DNA manipulations. DNA manipulation was performed using standard procedures [44]. Phusion DNA polymerase was used for PCR reactions. dNTPs, restriction enzymes, and T4 DNA ligase were obtained from New England Biolabs. DNA purification kits were provided by Qiagen. E. coli was transformed by electroporation using a Bio-Rad Micro Pulser. Plasmids were introduced into V. harveyi by conjugation [15] and exconjugants were selected using the antibiotic resistances carried on the plasmids together with polymyxin B.

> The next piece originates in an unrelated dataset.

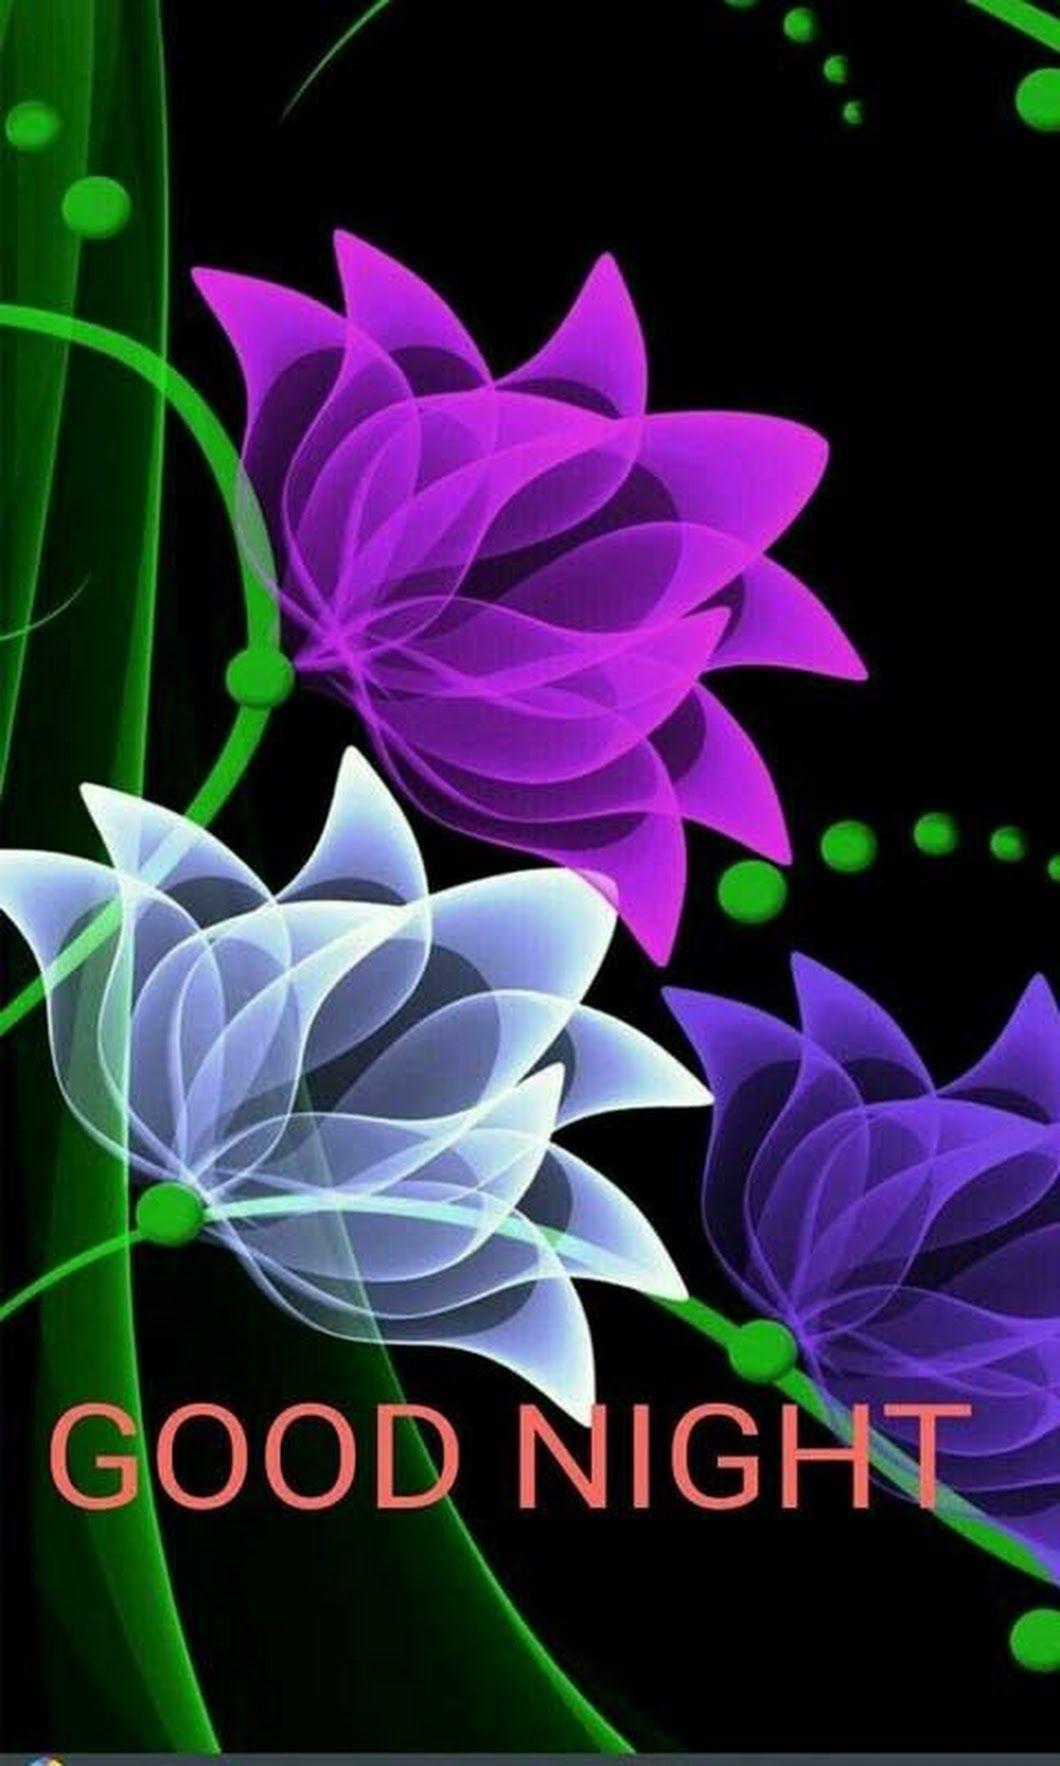 Sign in   Good night sweet dreams, Good night greetings, Good night

Fluorescent protein reporter construction. A cat-resistance cassette from pKD3 [45] was cloned into vector pCMW1 [7] downstream of gfp at the BamH1 site, making pTL3. The GFP-Cmr fragment from this construct was subsequently amplified by PCR and recombined using the λ red technique [45] into a cosmid to replace the wild-type qrr4 gene, producing pTL20. Lastly, PQrr4-GFP-Cmr was introduced onto the chromosome to replace qrr4 by allelic recombination. Ptac-mCherry was amplified from the vector pEVS143-mCherry containing an IPTG inducible mCherry gene and cloned into pKD13 [45] at the NheI site, resulting in pTL82. The cosmid, pTL83, was constructed using the λ red technique by recombining the Ptac-mCherry-Kanr fragment into the intergenic region downstream of the entire lux operon. Final insertion of Ptac-mCherry-Kanr onto the V. harveyi chromosome was accomplished by allelic recombination.

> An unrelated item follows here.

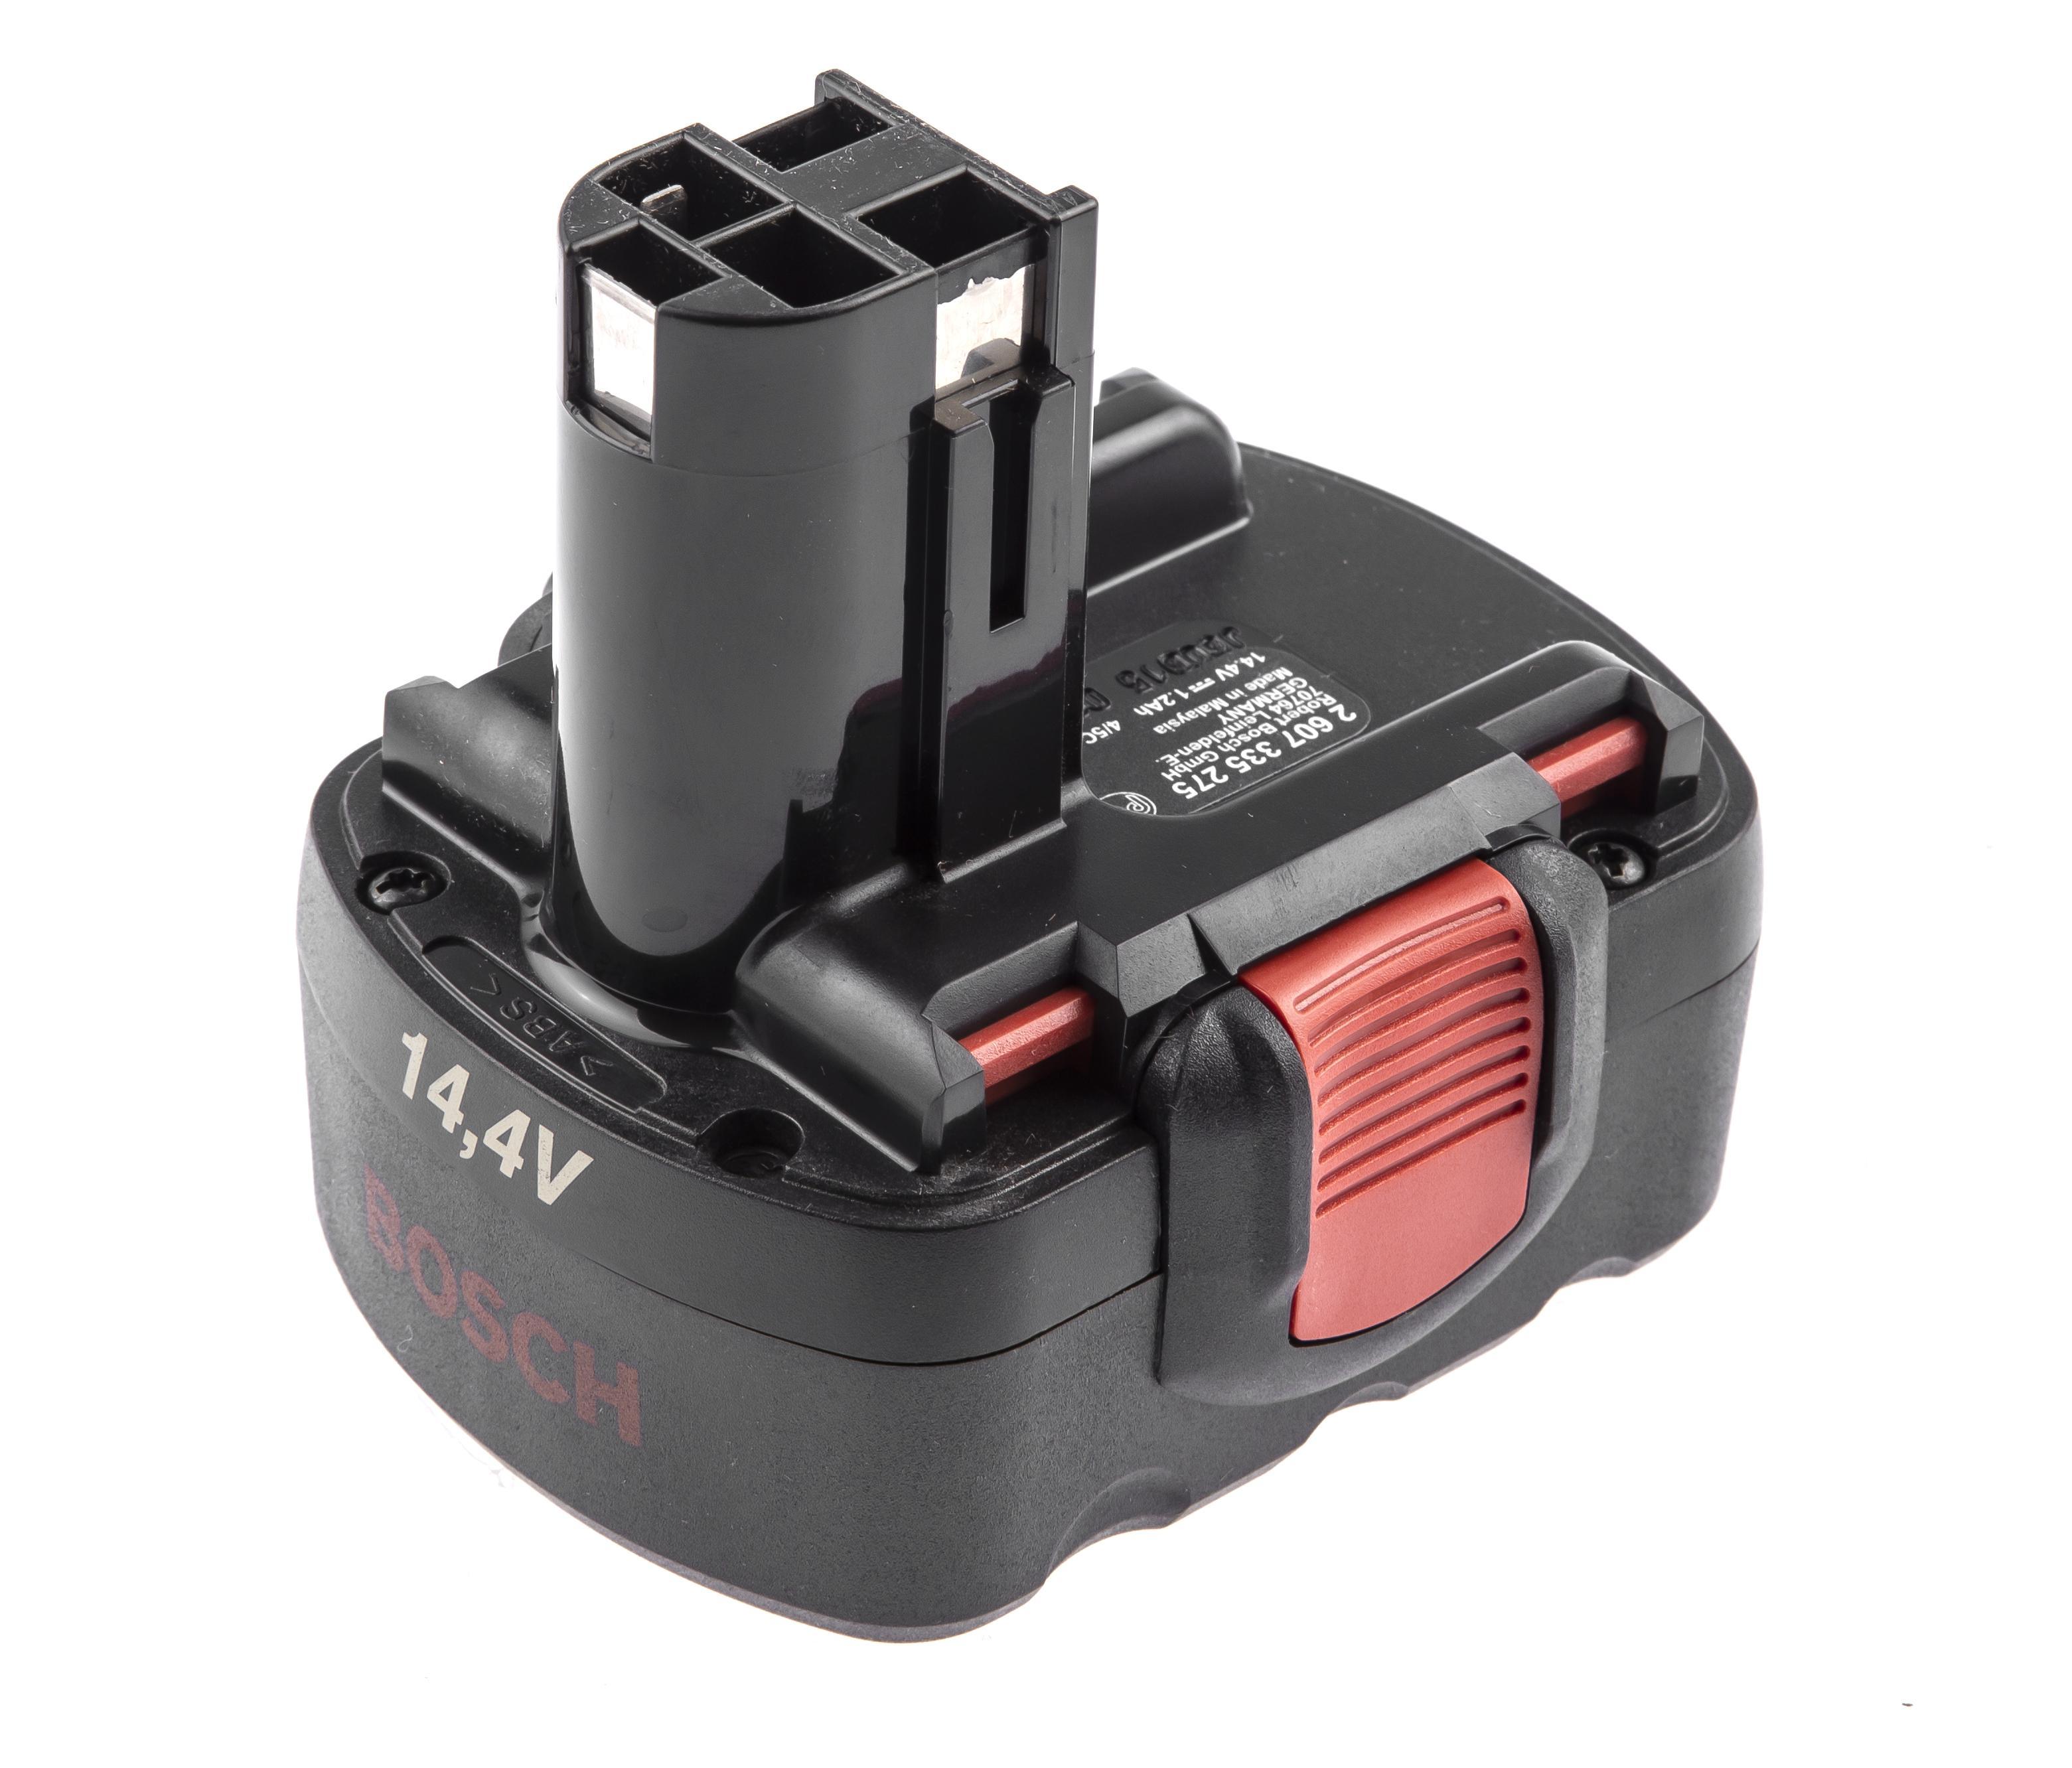 цена на Аккумулятор Bosch 2.607.335.275

V. harveyi strain construction. To construct the various V. harveyi sensor mutants, pKM780 carrying ΔluxS::Cmr, pJMH291 carrying ΔluxN::Cmr, pDLS100 carrying ΔluxPQ::Cmr, pJMH244 carrying ΔcqsS::Cmr, and pKM705 carrying ΔluxR::Kanr were used to sequentially delete the corresponding wild-type genes by allelic recombination. Following each gene deletion, the plasmid pTL18 containing an IPTG-inducible FLP recombinase, derived from pEVS143 and pCP20 [45], was introduced into the V. harveyi strain to eliminate the antibiotic resistance marker on the chromosome.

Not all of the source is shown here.